DATA SEGMENT:
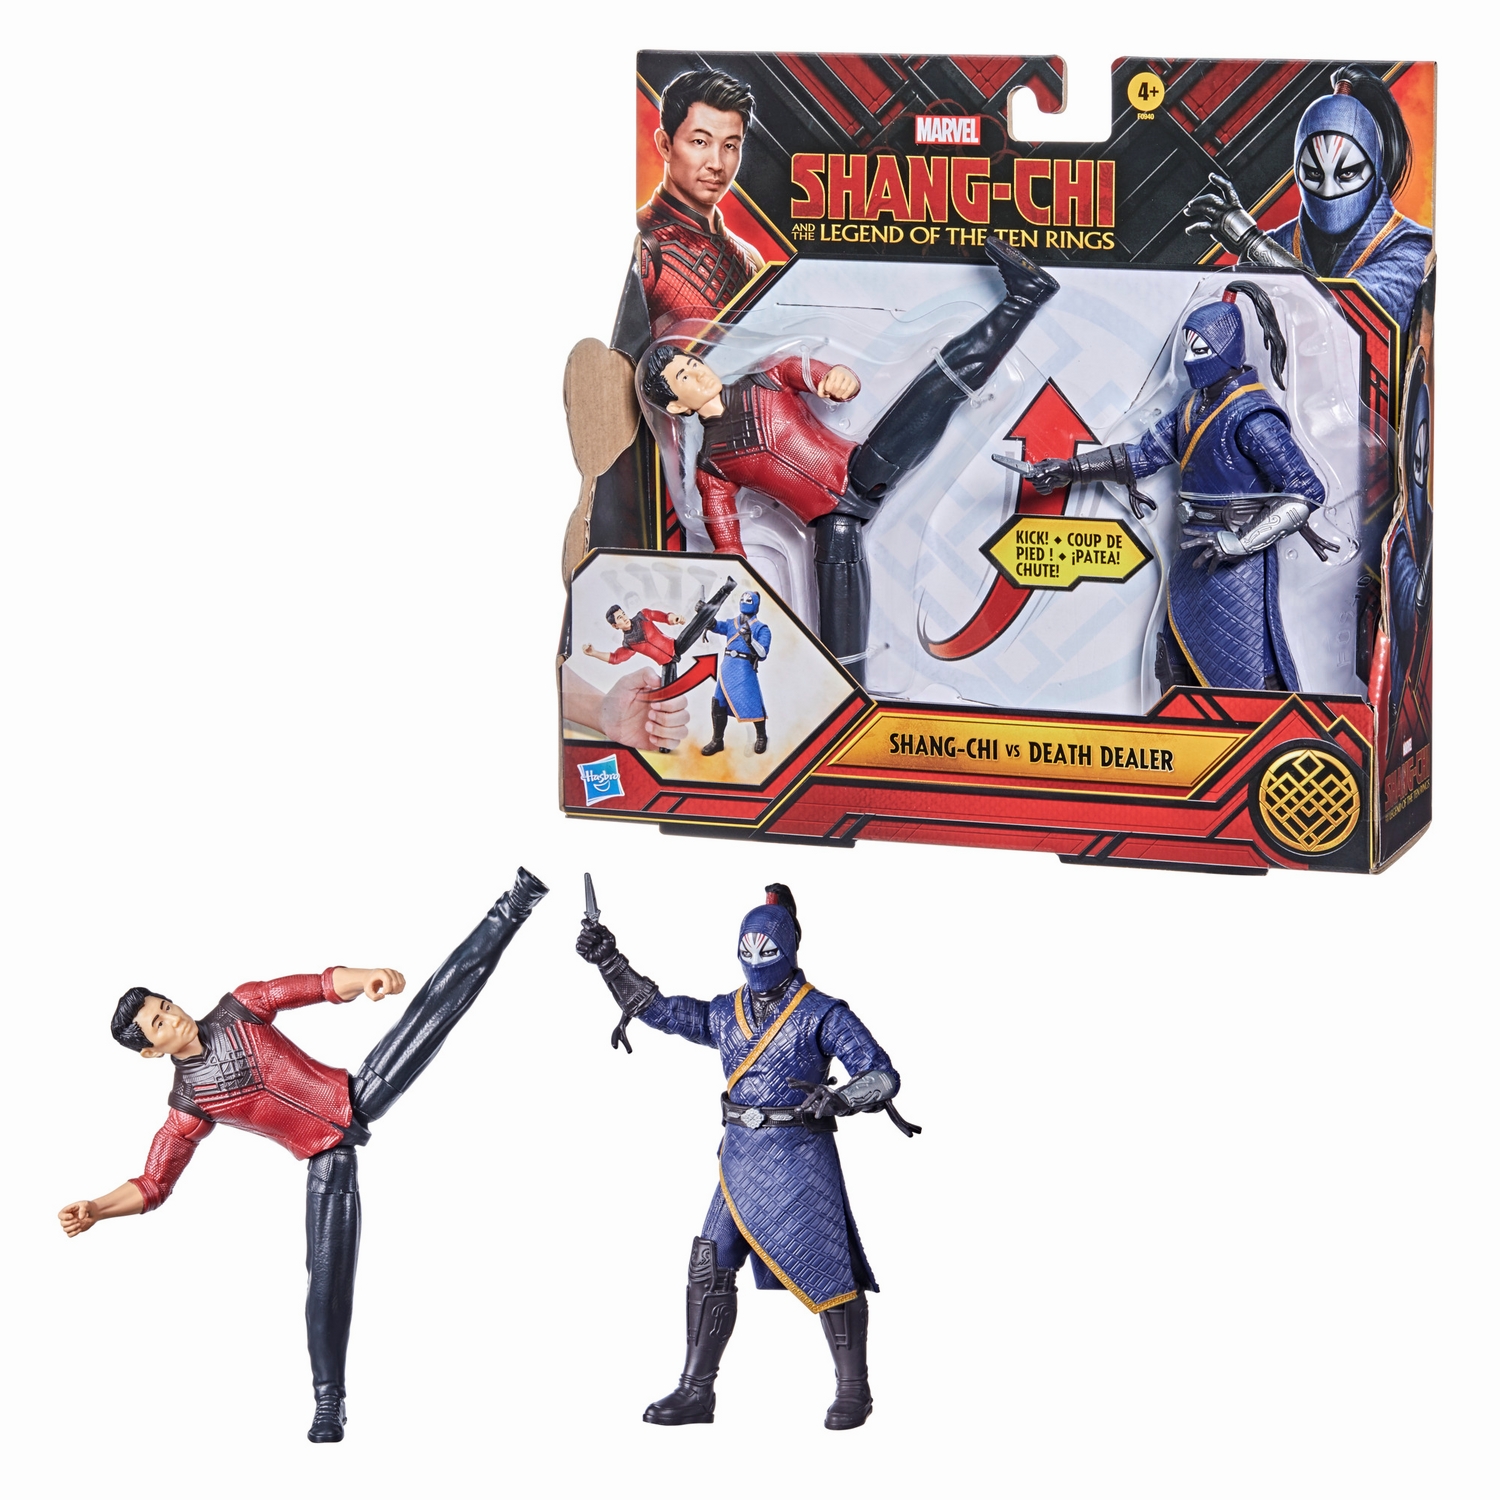 MARVEL SHANG-CHI AND THE LEGEND OF THE TEN RINGS 6-INCH BATTLE PACK Figures - oop (2).jpg
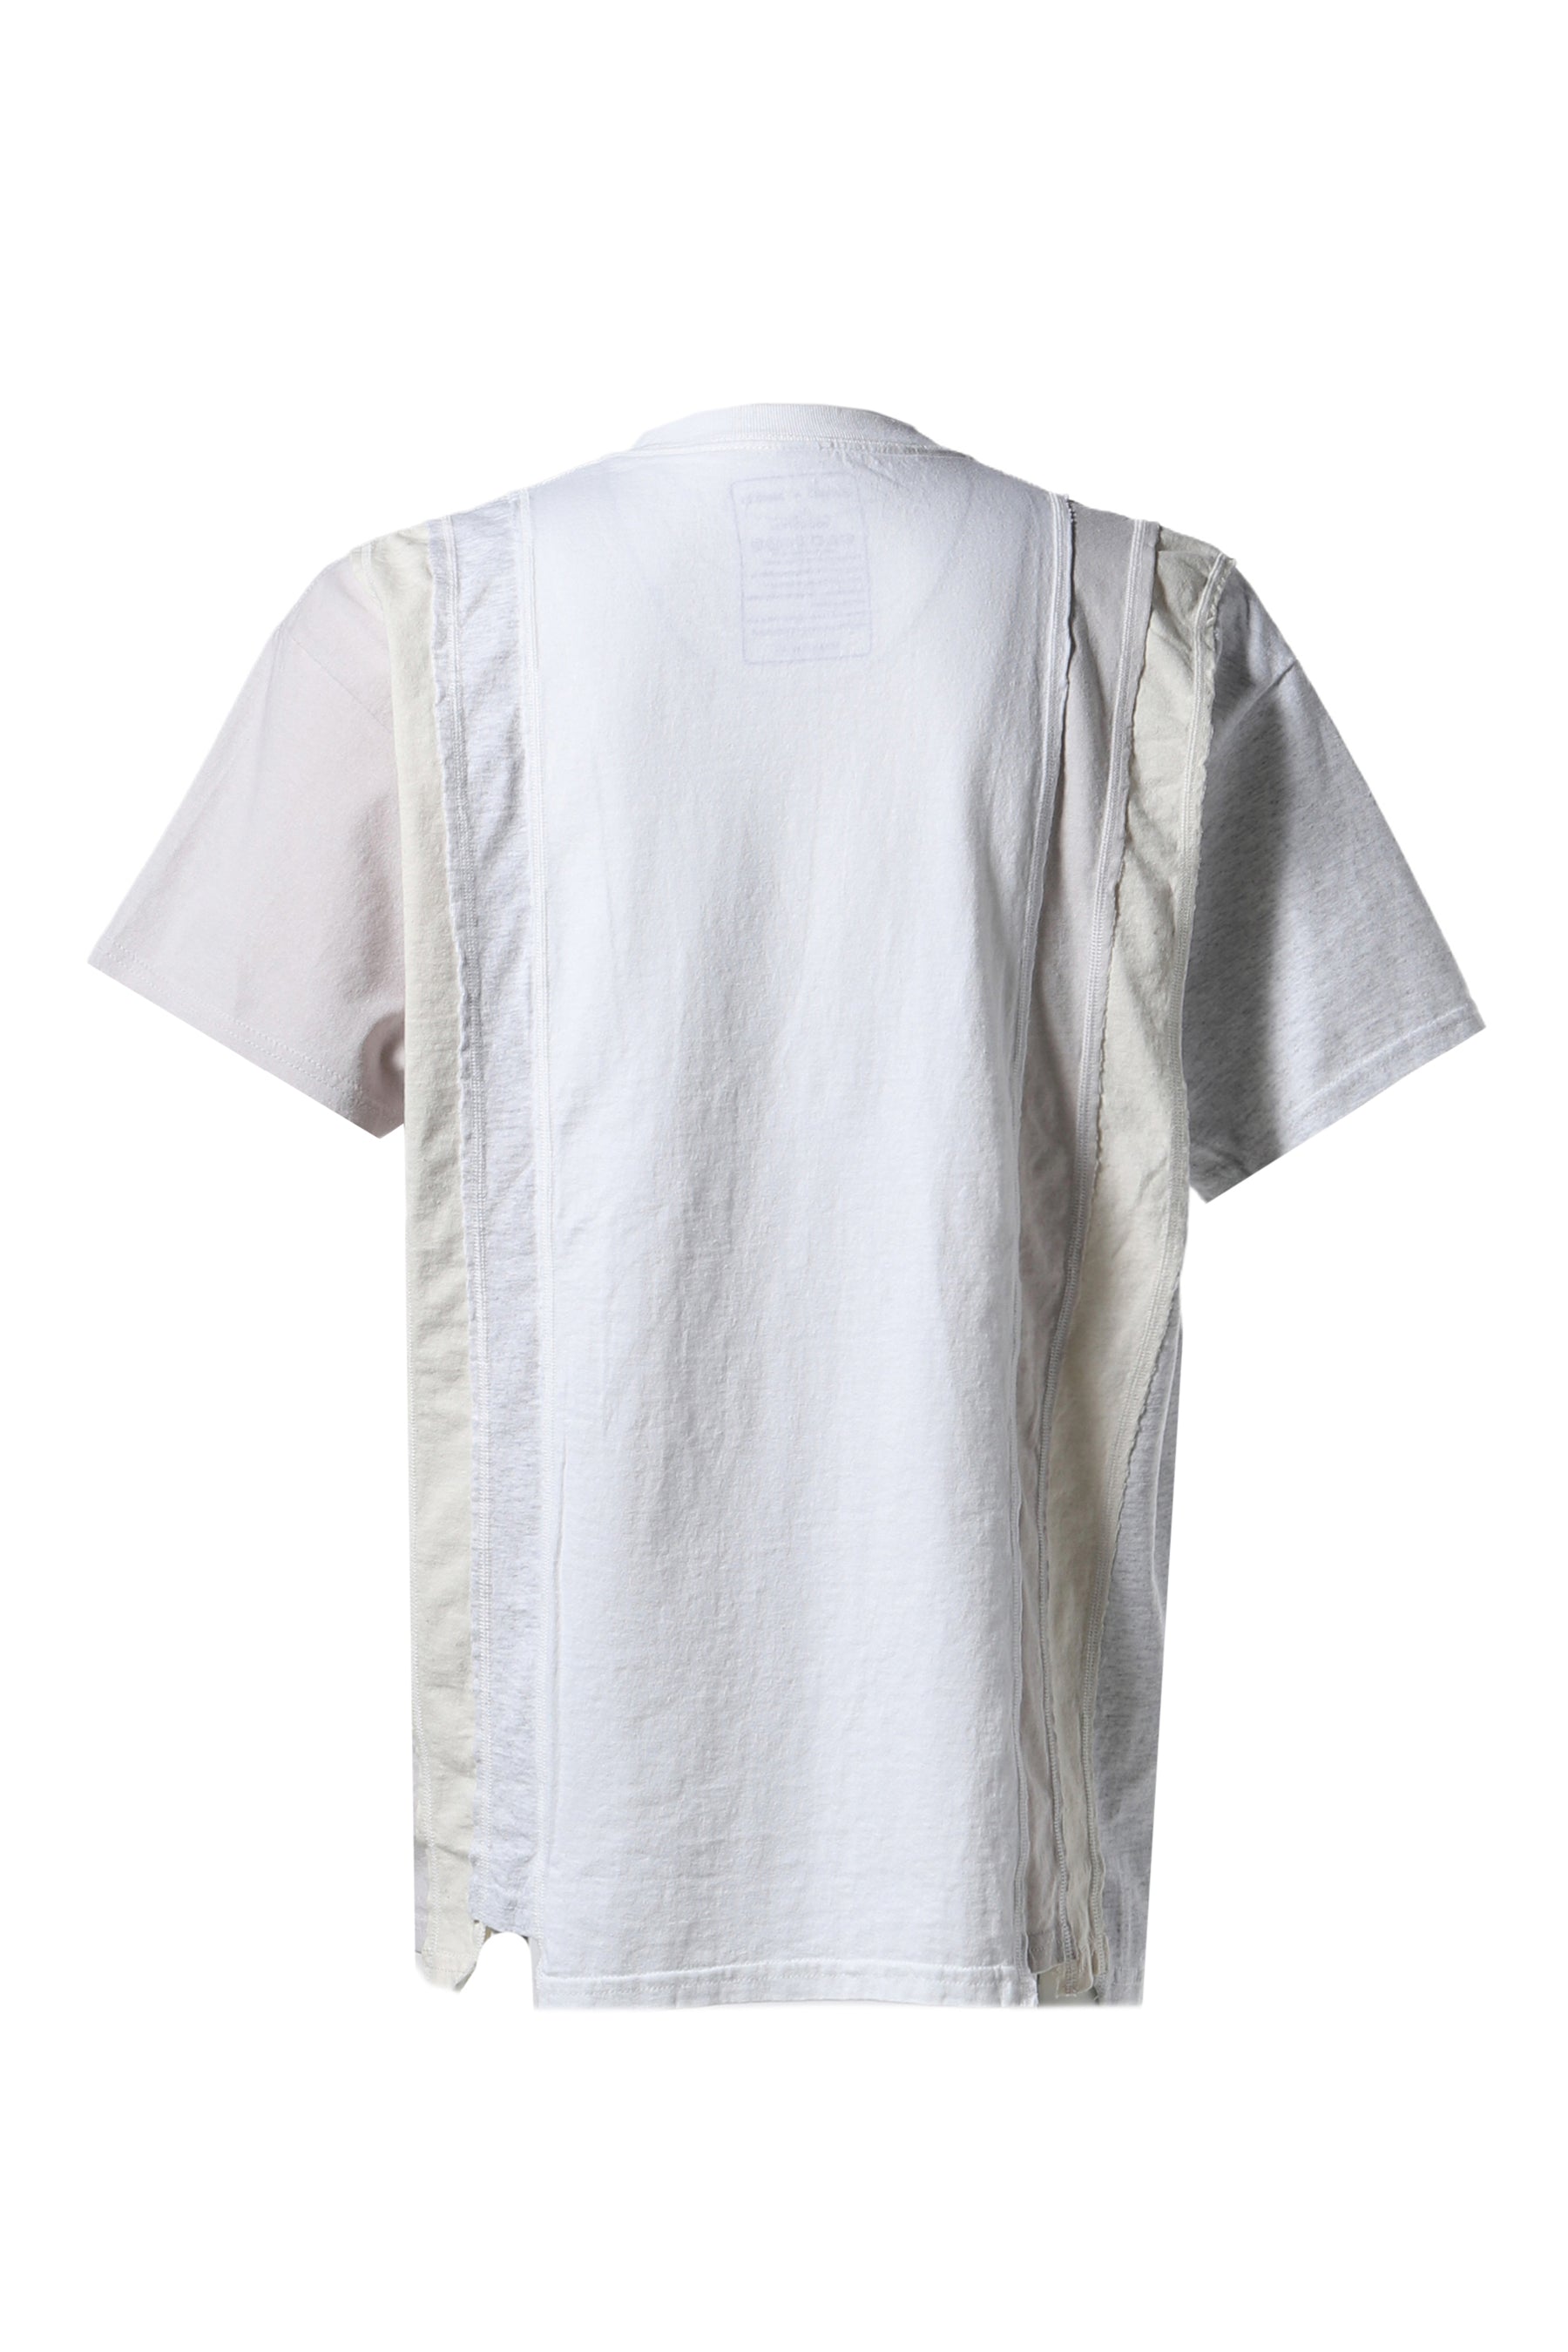 7 CUTS S/S TEE - SOLID / FADE / IVORY
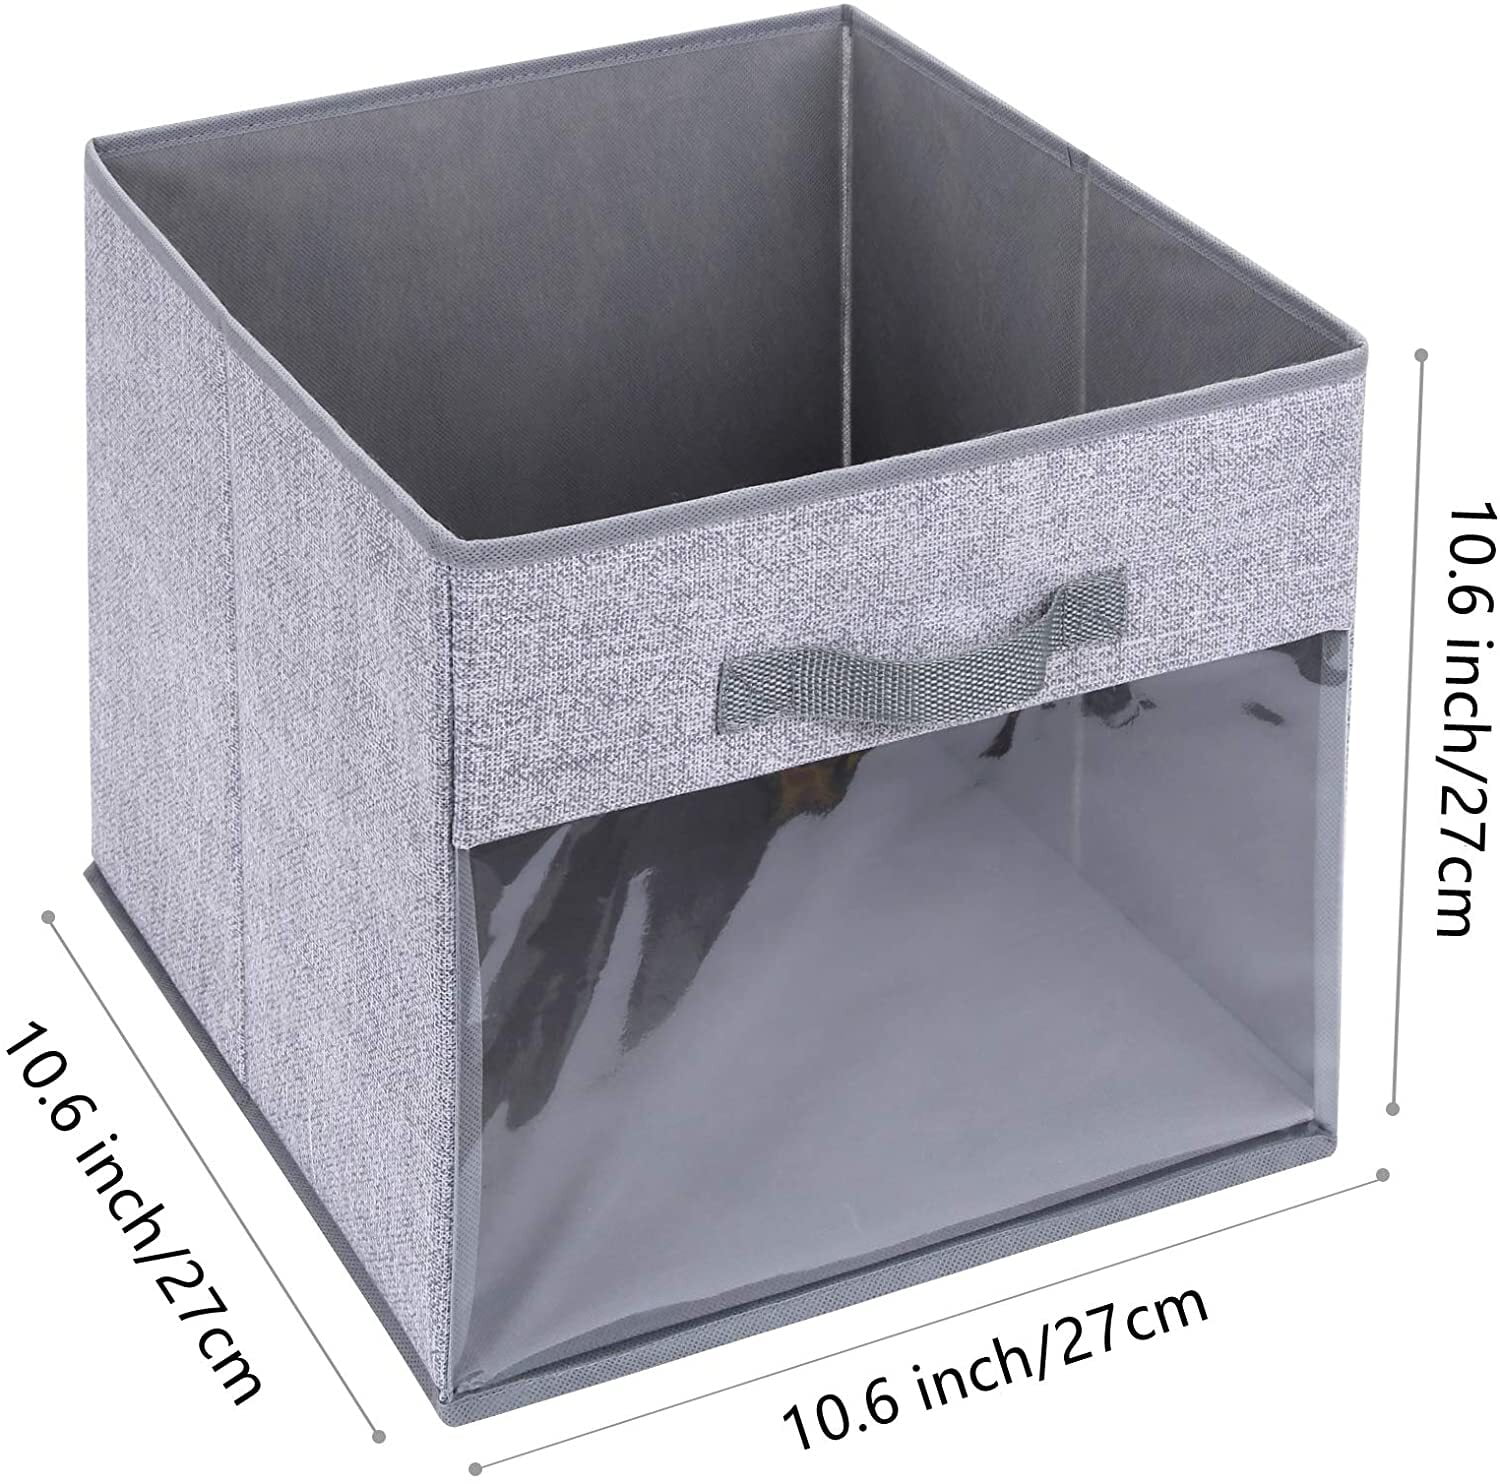 DIMJ Foldable Fabric Wardrobe Storage Bins Set - Stackable, with Handles and Dividers, Size: 16.81 x 11.85 x 1.26, Gray

WORK INSTRUCTION:
Print the material above exactly, skipping its images.

WRITTEN REPLY:
 MARVEL SHANG-CHI AND THE LEGEND OF THE TEN RINGS 6-INCH BATTLE PACK Figures - oop (2).jpg
 7 CUTS S/S TEE - SOLID / FADE / IVORY
 DIMJ Foldable Fabric Wardrobe Storage Bins Set - Stackable, with Handles and Dividers, Size: 16.81 x 11.85 x 1.26, Gray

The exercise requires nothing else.